This invention relates to tubular core assemblies for rolls of paper or other sheet material in accordance with the preamble of claim 1.
Such assemblies are known for instance from the document FR-A-2 397 355.
U.S. Patent 4,874,139 issued October 17, 1989 describes a tubular core assembly which includes a hollow cylindrical core member formed by multiple wraps of paperboard material and an annular collar of compressed wood material in each opposite end portion of the hollow cylindrical core member. Improvements in such tubular core assemblies are the subject of Canadian Patent No. 2,060,363 issued July 28, 1993. After use, the collars of the tubular core assemblies cap be pried out of the core member so that the core member can be recycled, for example by crushing and repulping. The collars can also be separately crushed and repulped. These tubular core assemblies are intended to be single use products whose component parts can readily be recycled. Such products are suitable for use in many instances.
However, in some instances, for example when a tubular core assembly is likely to be subjected to relatively high stresses in use, it would be advantageous for at least some part of each end portion of the tubular core assembly to be of a material stronger than multiple wraps of paperboard material or compressed wood material.
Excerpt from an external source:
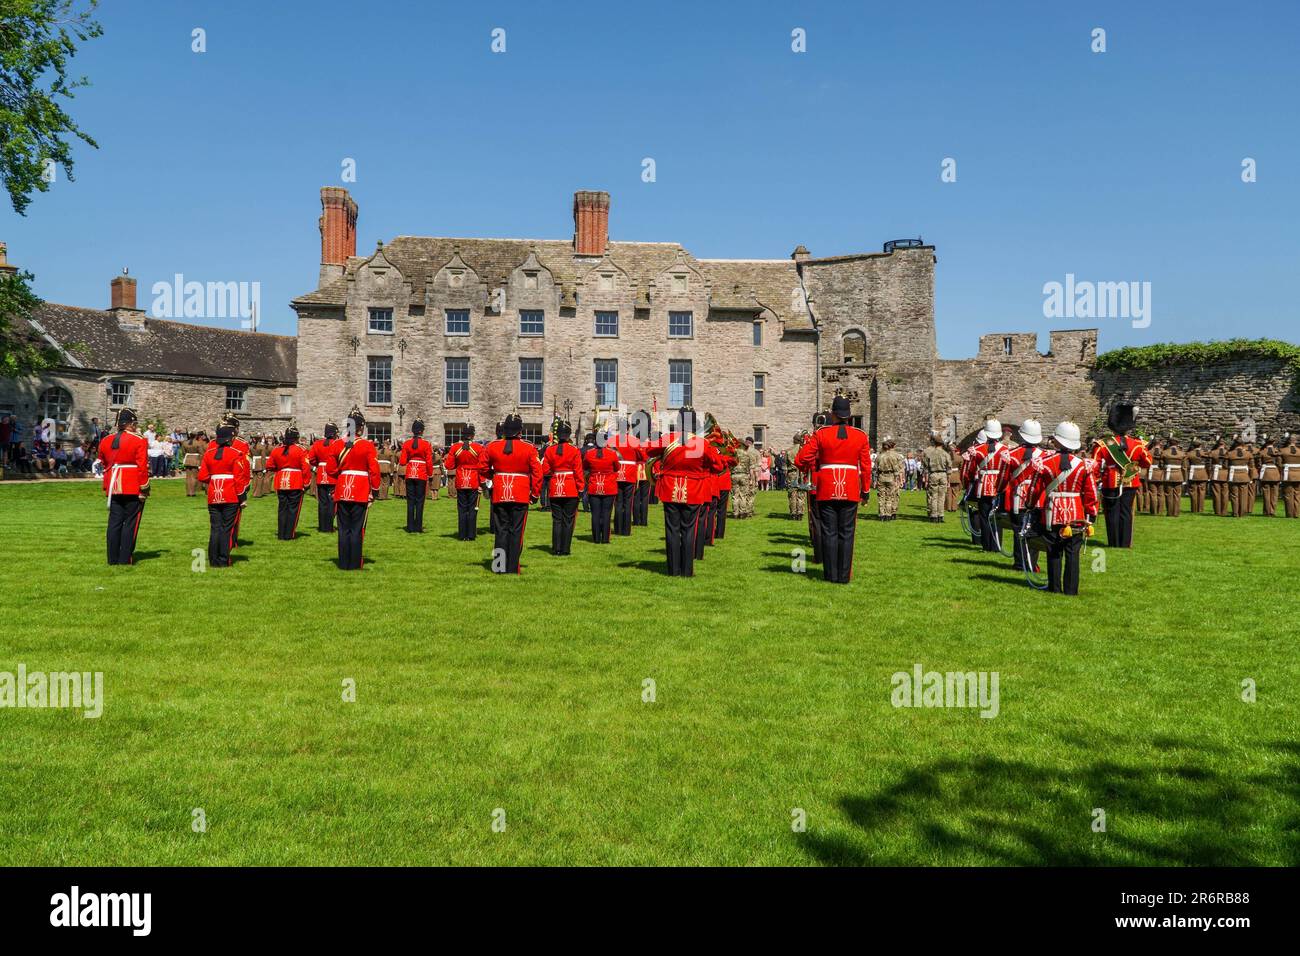 Royal Welsh Military Band, veterans and cadets celebrate the reaffirmation for their Freedom of the County in the grounds of Hay Castle Powys Wales UK Stock Photo

It would be further advantageous for each said end portion to be strong enough to resist extreme transit crush impacts without the use of supporting plugs, since such plugs can disrupt roll preparation systems in automated large volume press rooms.
It has been known for many years to provide tubular core assemblies in which the core members have metal end caps of one kind or another. However, the component parts of such prior tubular core assemblies are not easily reused or recycled because it is difficult to separate the metal end caps from the core members without damage for reuse and also because the core members are relatively thick and not easily crushed for repulping.
It is therefore an object of the invention to provide a tubular core assembly wherein at least one part of each end portion is of a relatively strong material and whose component parts are readily reused or recycled.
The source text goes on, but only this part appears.